1.1. Defining Concepts

(defconcept name [optional vector of parent concepts ...]
  :attributes { ... A datascript schema for the concept ... }
  :preprocess { ... A map from attributes to preprocessor functions ... }
  :postprocess A postprocessor function
  :spec A Clojure spec to validate concept instances)

Defines a new concept with name name in the current namespace. The concept is described by a sequence of key-value pairs. A concept description can contain the following pairs, all of which are optional:

:attributes: A map describing datascript attributes, i.e. a database schema for the concept.
:preprocess: A map from attributes to preprocessor functions for those attributes. Useful to mirror attribute values.
:postprocess: A function that takes a datascript database and the id of an instance of this concept. The function returns a datascript transaction that should be executed as part of the transaction that adds the given concept. Useful to compute derived attributes for concept instances.
:spec: A Clojure spec that should be used to check the validity of supposed instances of this concept.

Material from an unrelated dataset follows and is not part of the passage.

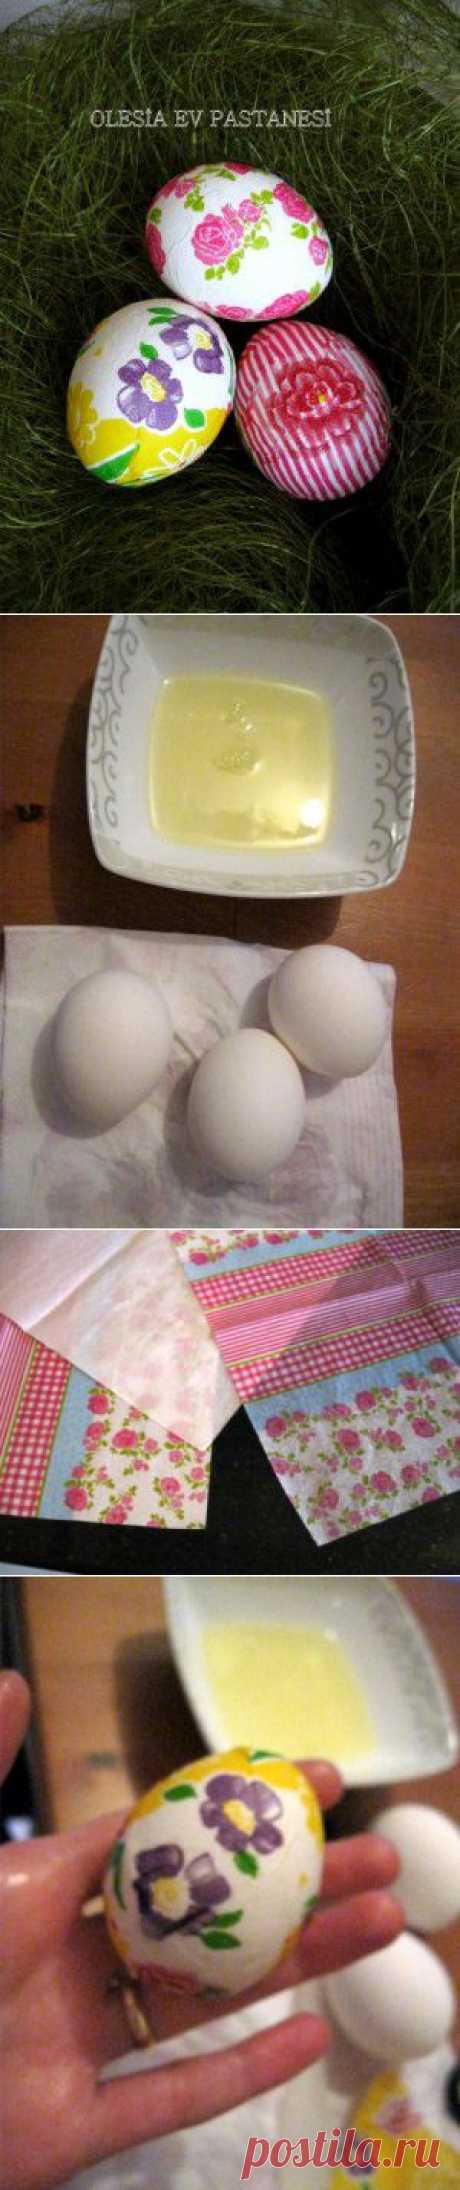 Пасхальные яйца в технике декупаж. : Куличи, пасхи

In addition to the key-value pairs the concept description can be preceded by a vector of concepts that the newly defined concept should inherit from.

Example:

(require '[librarian.model.syntax :refer [defconcept]]
         '[clojure.spec.alpha :as s]
		 '[librarian.helpers.spec :as hs]
		 '[my.other.concepts :refer [parent-concept1 other-concept]])

(defconcept parent-concept2) ; Useless, but allowed.

(defconcept my-concept [parent-concept1 parent-concept2]
  :attributes {::x {:db/doc "A test attribute."}
               ::y {:db/valueType :db.type/ref
			        :db/doc "A reference to another concept."}}
  :postprocess (fn [db id] [:db/add id ::x 42]) ; All instances get x=42 auto-assigned.
  :spec ::my-concept)

(s/def ::my-concept (hs/entity-keys :req [::x ::y]))
(s/def ::x int?)
(s/def ::y (hs/instance? other-concept))

It is strongly recommended that all concept attributes are fully-qualified keywords (::attribute instead of :attribute) to prevent accidental collisions with other concepts. It is also recommended to create a separate namespace for each concept (not like the example where parent-concept2 and my-concept are defined in a single namespace).

1.2. Defining Paradigms

(defparadigm name [optional vector of parent paradigms ...]
  :concepts { ... A map of concept aliases to concepts ... }
  :builtins [ ... A collection of concept instance descriptions ... ])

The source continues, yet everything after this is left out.